In this study, only data from the dynamic data set was used to build the statistical model. However, additional clinical data, not necessarily derived from imaging examinations, could be added to the dataset to enhance the performance and robustness of the method.

The small sample size used in this study was the main limitation to take into consideration. We are aware that with small samples and unbalanced dataset (i.e. datasets containing much more features than patients), the assessment of model reliability is weak and models are associated with a high risk of overfitting. In these cases, cross-validation methods could mitigate the risk of overfitting and provide more reliable estimation of models performances. Cross-validation methods were generally based on the random splitting of the available data in two subsets used for parameters estimation and testing respectively. TWIST, instead, adopts a statistically driven approach to split the available dataset into training and test sets that have been demonstrated to outperform traditional methods such as the k-fold approach and was successfully applied on several clinical datasets [25]. Another common problem with ML was imbalanced population samples, when cases are not equally distributed across classes. To avoid this problem, this study adopted a biased patient selection, with a high percentage of malignant patients included to balance benign cases. As a consequence, malignancy rate of the current study dataset was higher compared to other studies, for which a malignancy rate for foci from 2 to 23% [9,10,11,12,13] was reported.
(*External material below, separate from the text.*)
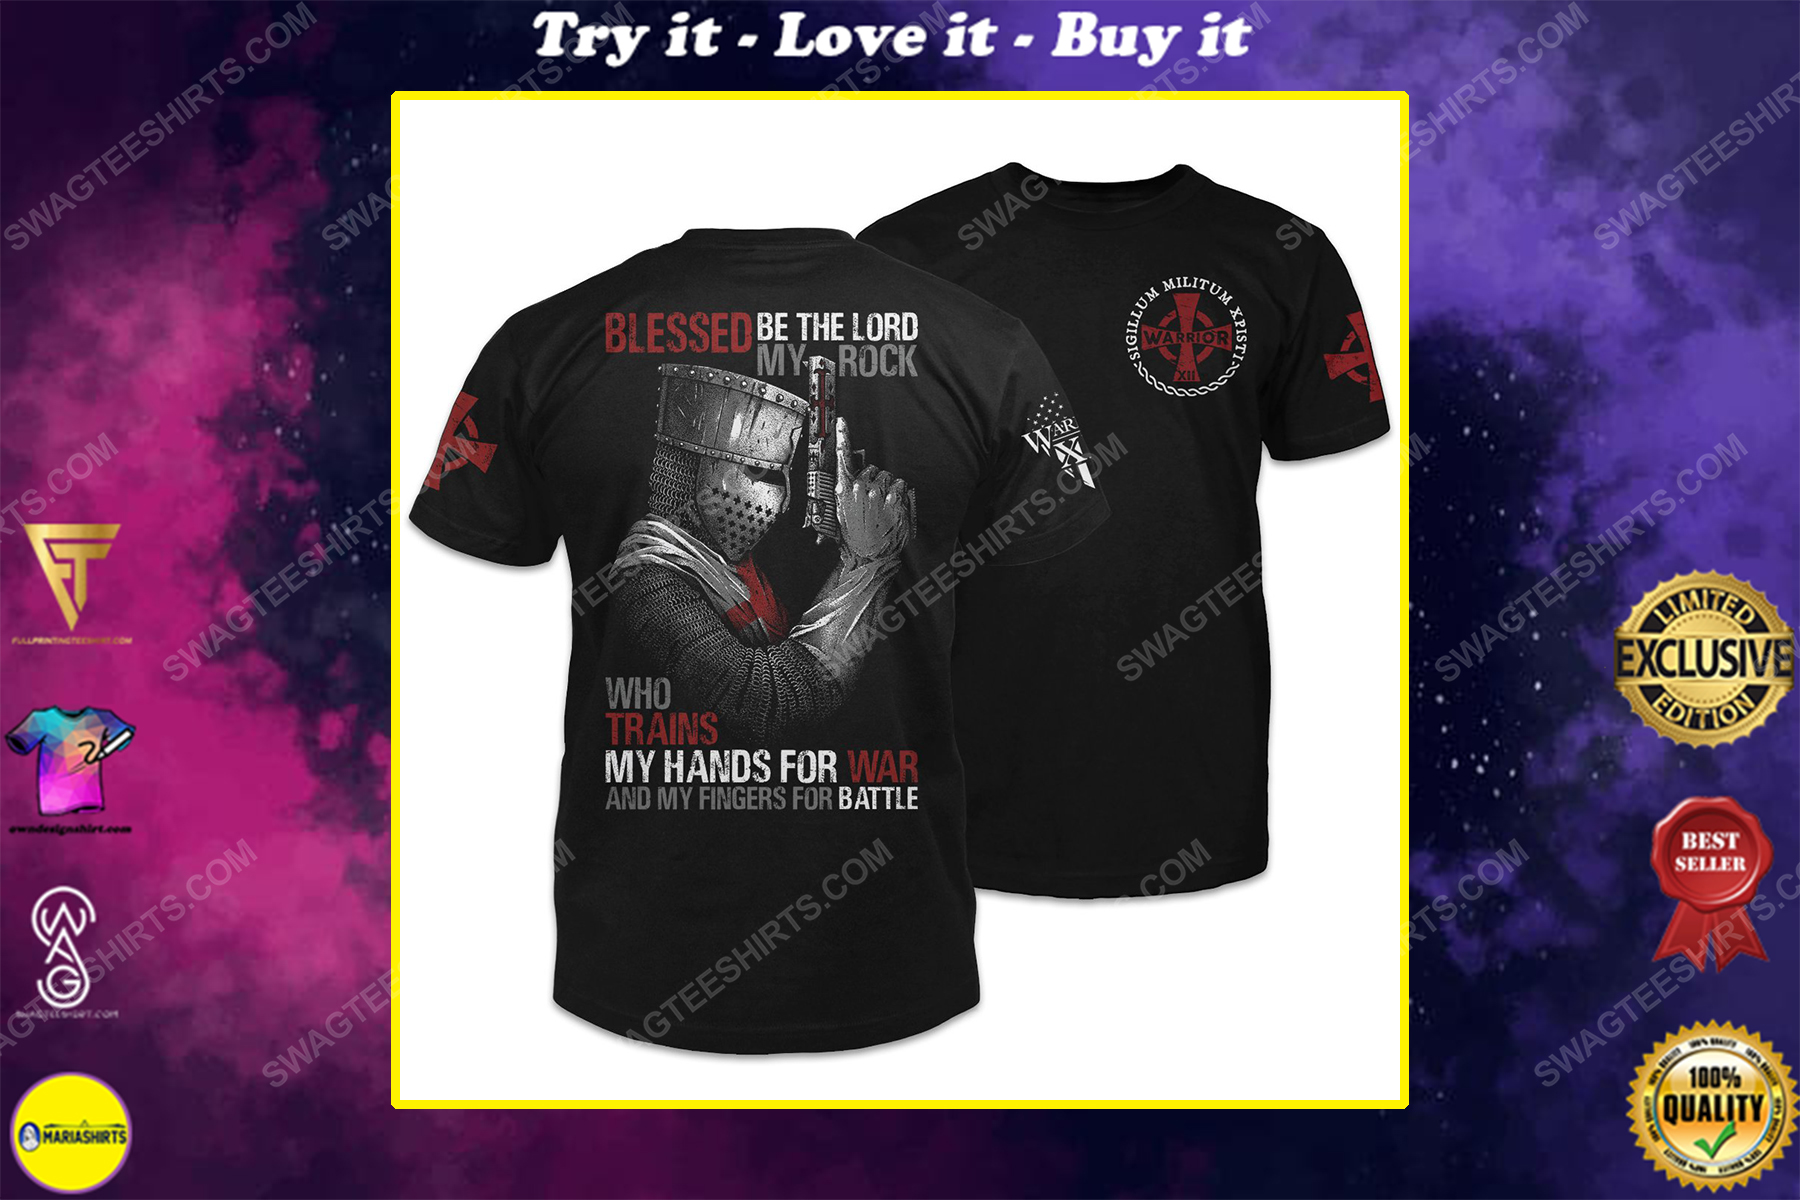 Blessed be the lord my rock who trains my hands for war and my fingers for battle shirt

Despite these limitations, this preliminary study suggests that ML could support the radiologist in the clinical decision making for enhancing foci on breast MRI. To turn this result into a robust clinical tool, two further steps should be carried out: first, the variability associated to differences in MRI sequences, devices and contrast agents should be addressed, and second, the interobserver variability in tumour segmentation as well as the patient-related variability must be investigated. The result of this work, if confirmed to a larger scale, might lead to decrease the uncertainty in the clinical decision making regarding enhancing foci on breast MRI.